* Given information
- Opening Delimiter -

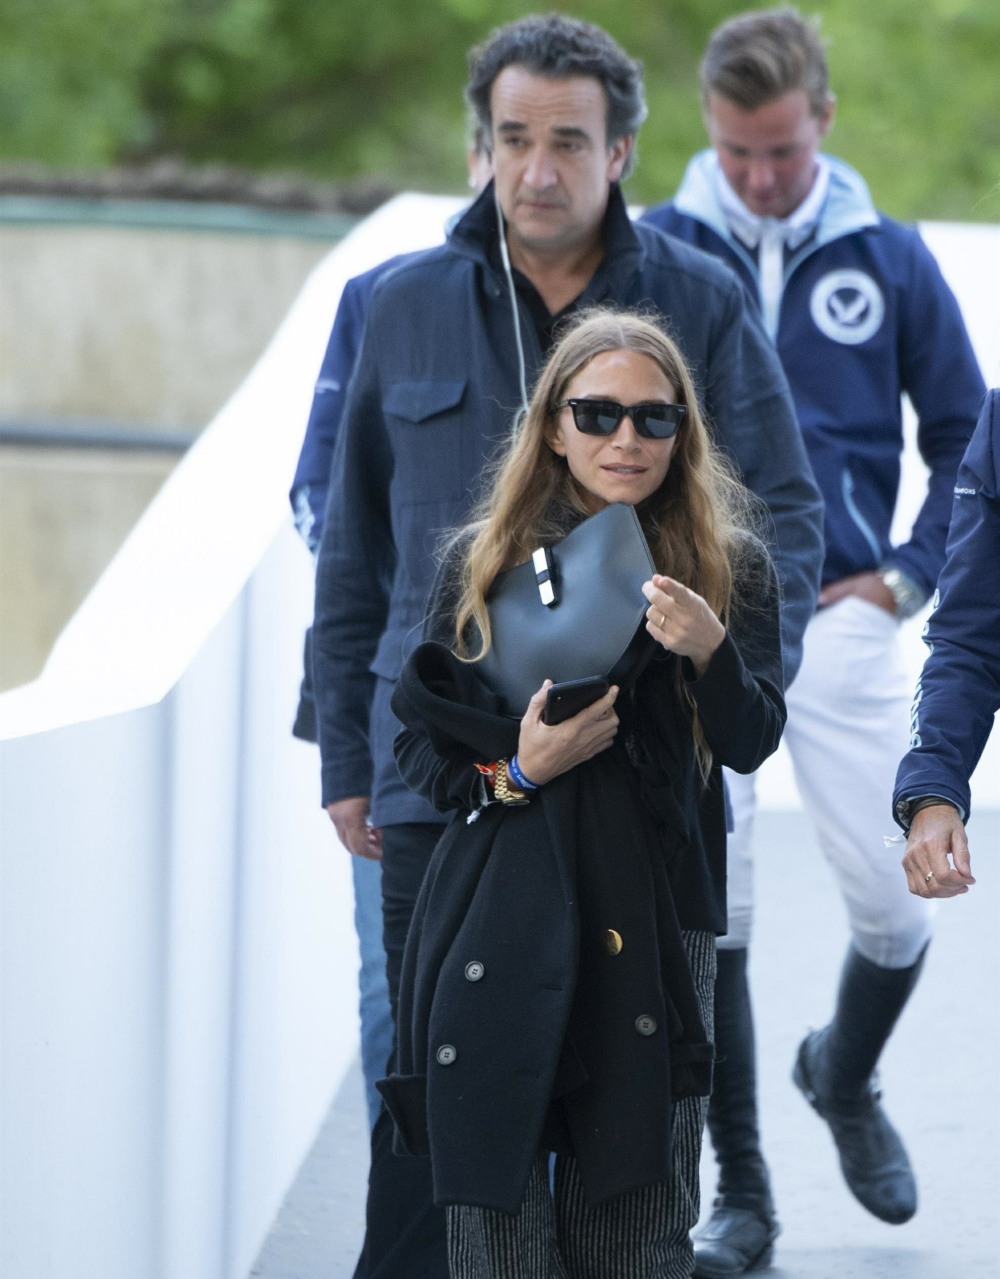 Olivier Sarkozy and his wife Mary-Kate Olsen attend the Global Champions Tour CSI2 Madrid 2019
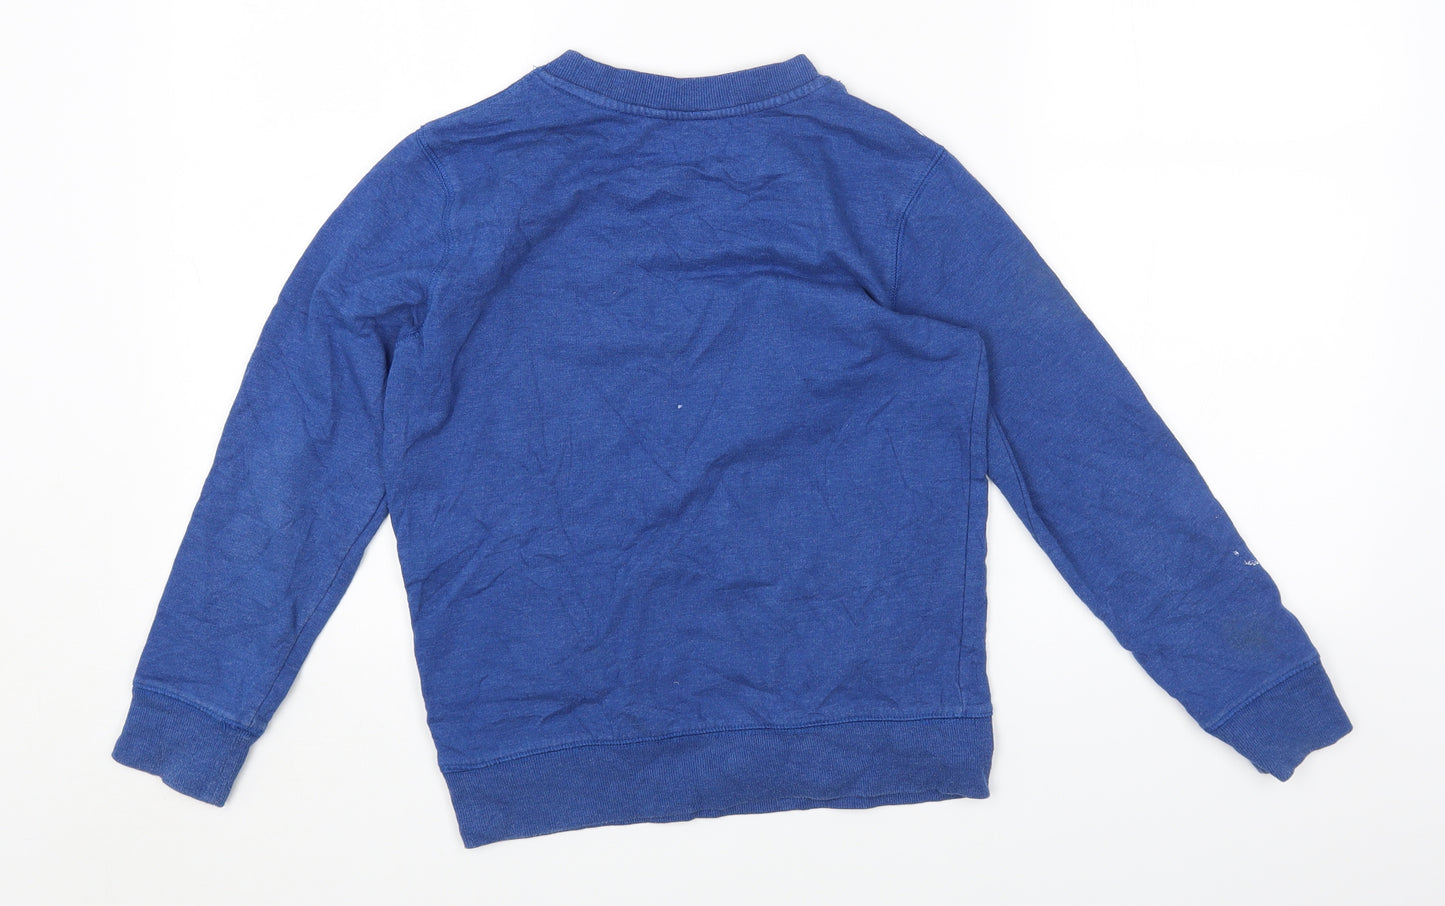 George Boys Blue Round Neck Cotton Pullover Jumper Size 9-10 Years Pullover - USA Brooklyn Williamsburg 1971
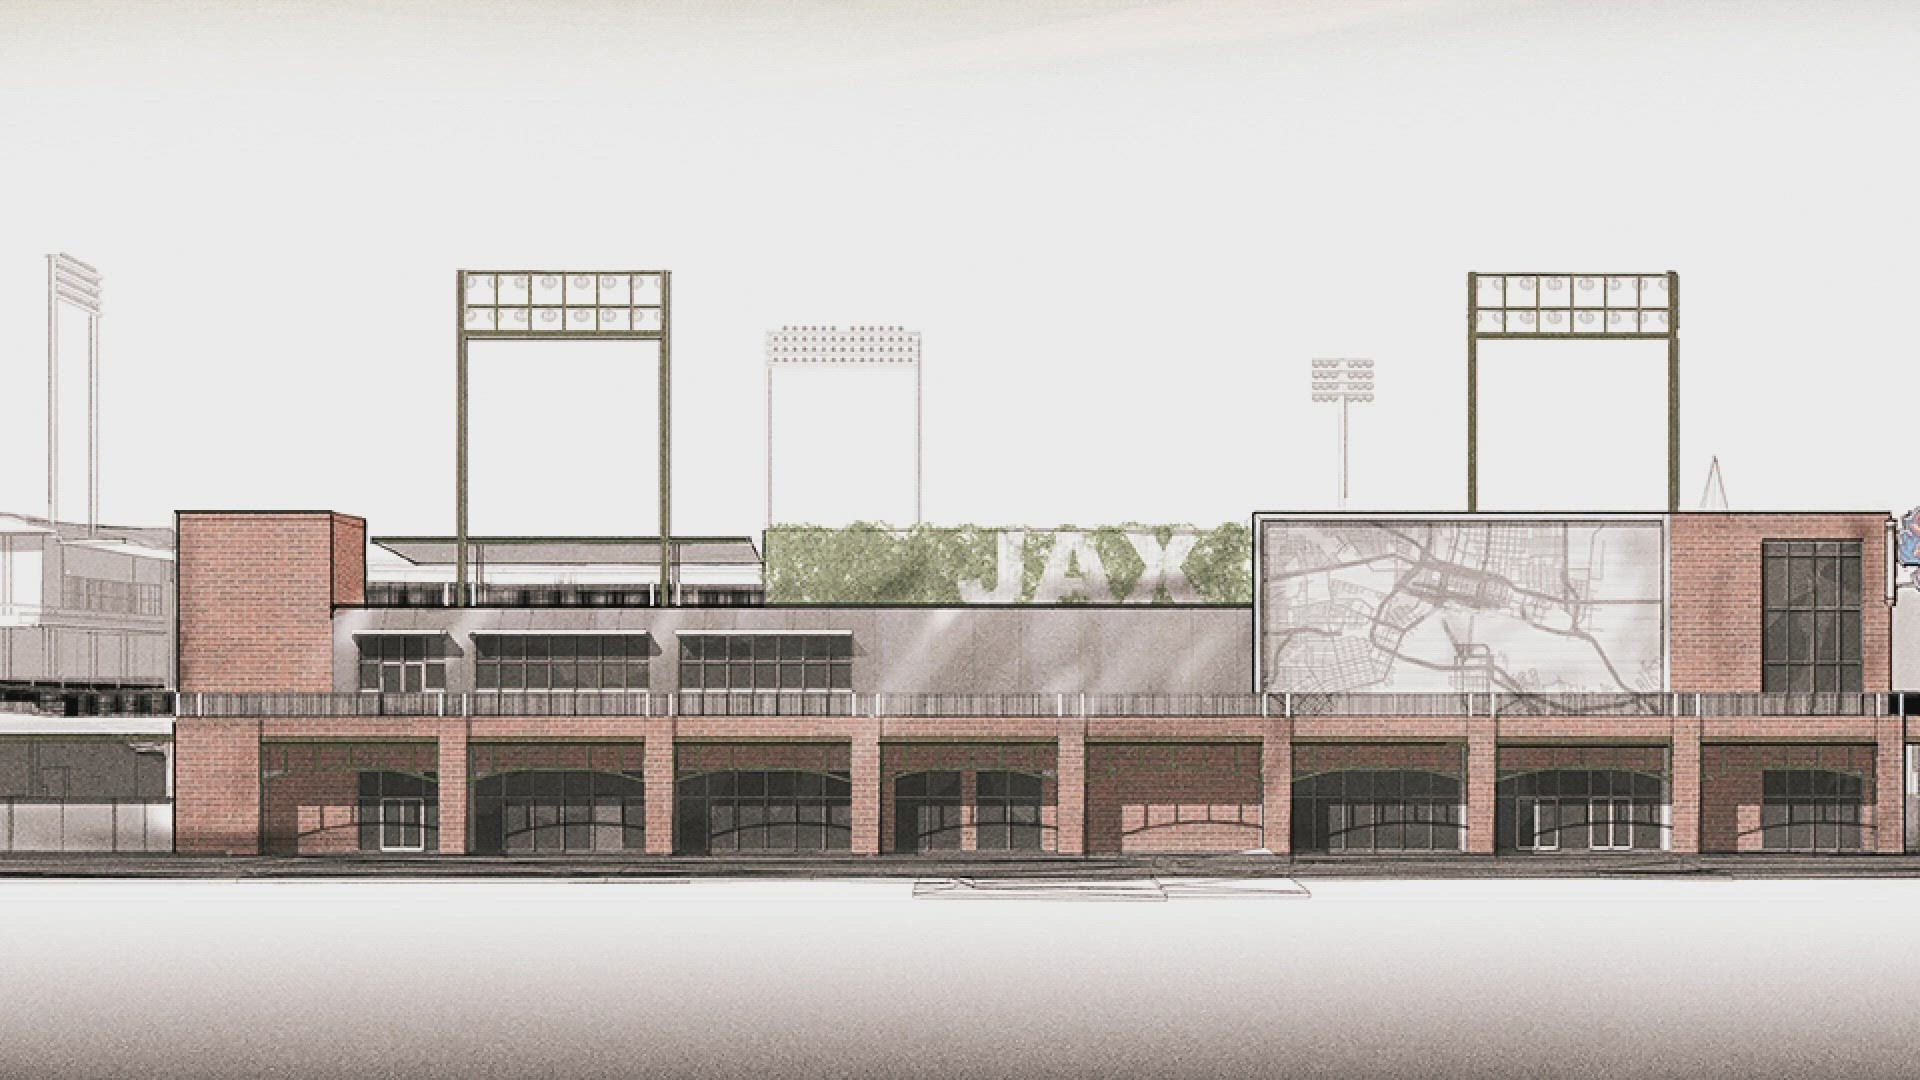 Renovations happening at the home of the Jacksonville Jumbo Shrimp will take place over the next 6-12 months, according to Jumbo Shrimp owner/CEO Ken Babby.

- Closing Delimiter -

Line by line, return the listing above exactly, dropping every picture.

 Olivier Sarkozy and his wife Mary-Kate Olsen attend the Global Champions Tour CSI2 Madrid 2019
 George Boys Blue Round Neck Cotton Pullover Jumper Size 9-10 Years Pullover - USA Brooklyn Williamsburg 1971
 Renovations happening at the home of the Jacksonville Jumbo Shrimp will take place over the next 6-12 months, according to Jumbo Shrimp owner/CEO Ken Babby.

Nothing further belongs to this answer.